Root cause: AgentGateway gates each /mcp/<server> route behind an OpenFGA external-authorization (ext_authz) check, configured to fail closed (HTTP 403) on error. AgentGateway's default ext_authz timeout is 200ms. When the agent enumerates tools it triggers one authz check per MCP route concurrently; against a cold or loaded authorization path those checks queue and each takes 75–150ms+, so the slower ones exceed the 200ms budget, time out, and return 403. The agent runtime makes a single connection attempt per server and treats any failure — transient timeout or permanent misconfiguration — identically, surfacing the alarming permanent-sounding warning.
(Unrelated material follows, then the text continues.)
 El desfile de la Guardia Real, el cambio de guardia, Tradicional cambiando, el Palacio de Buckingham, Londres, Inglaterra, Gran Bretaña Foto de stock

Two gaps must be closed so this does not recur on default installs:
- The aggressive 200ms default is not overridden anywhere in the shipped configuration, so it bites every new deployment.
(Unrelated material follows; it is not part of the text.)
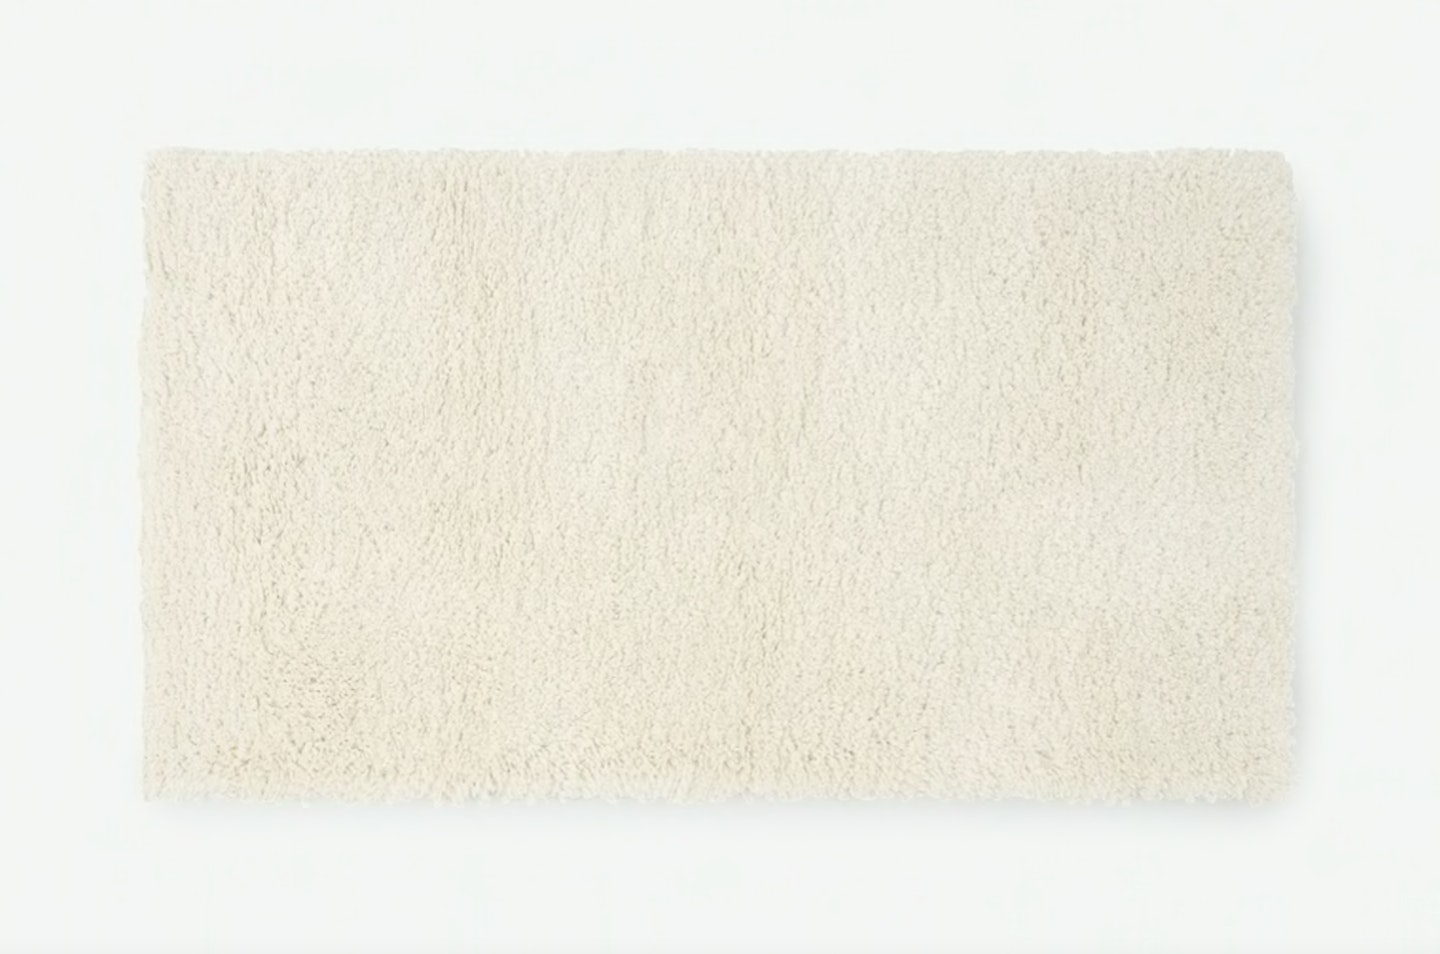 MADE, Mala Pile Bedside Runner, 60 x 110 cm, Off-White, £55

- There is no distinction between "still warming up / transient" and "genuinely misconfigured," and no self-healing retry, so a brief cold-start race looks like a hard failure.
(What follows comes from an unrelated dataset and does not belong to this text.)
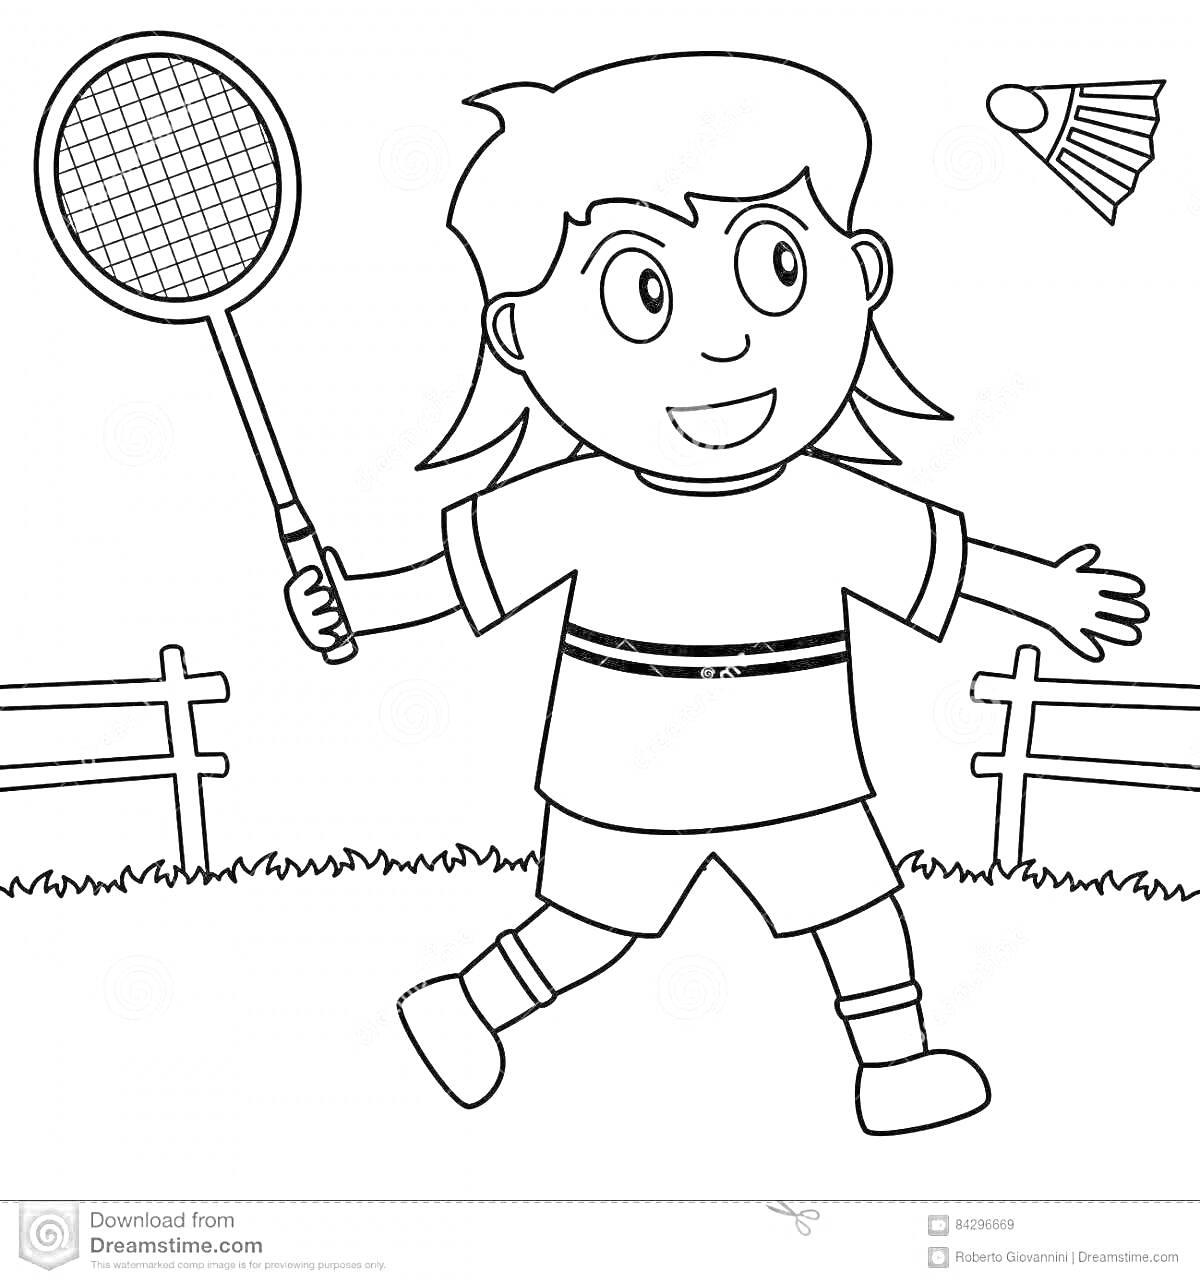 Раскраска Ребёнок с ракеткой и воланом на лужайке с ограждением

Note on current state: A development hotfix raising the timeout to 10s has already been applied to the local Docker Compose path (
deploy/agentgateway/config.yamlandconfig_bridge.py) and validated live. This spec makes that fix a durable default across install paths and adds the resilience behavior.
User Scenarios & Testing (mandatory)
User Story 1 - Default install has working MCP tools (Priority: P1)
An operator installs the platform with default settings and opens the agent chat. The configured MCP servers (argocd, github, jira, etc.) are reachable and the user is authorized, so the agent can list and call their tools without a wall of "unavailable" warnings.
Why this priority: This is the reported defect. Without it, a brand-new install looks broken even when everything is healthy and correctly authorized — the worst possible first impression.
Independent Test: Deploy with defaults, send a query that enumerates tools, and confirm no MCP server that is healthy and authorized is reported as unavailable.
Acceptance Scenarios:
- Given a default install where all MCP backends are healthy and the user is authorized, When the agent enumerates tools across all routes concurrently, Then no healthy/authorized MCP server is reported as unavailable.
- Given the default static routing mode, When the gateway configuration is rendered, Then the ext_authz timeout is set to a value well above the authorization path's typical latency (default 10s), not the 200ms built-in default.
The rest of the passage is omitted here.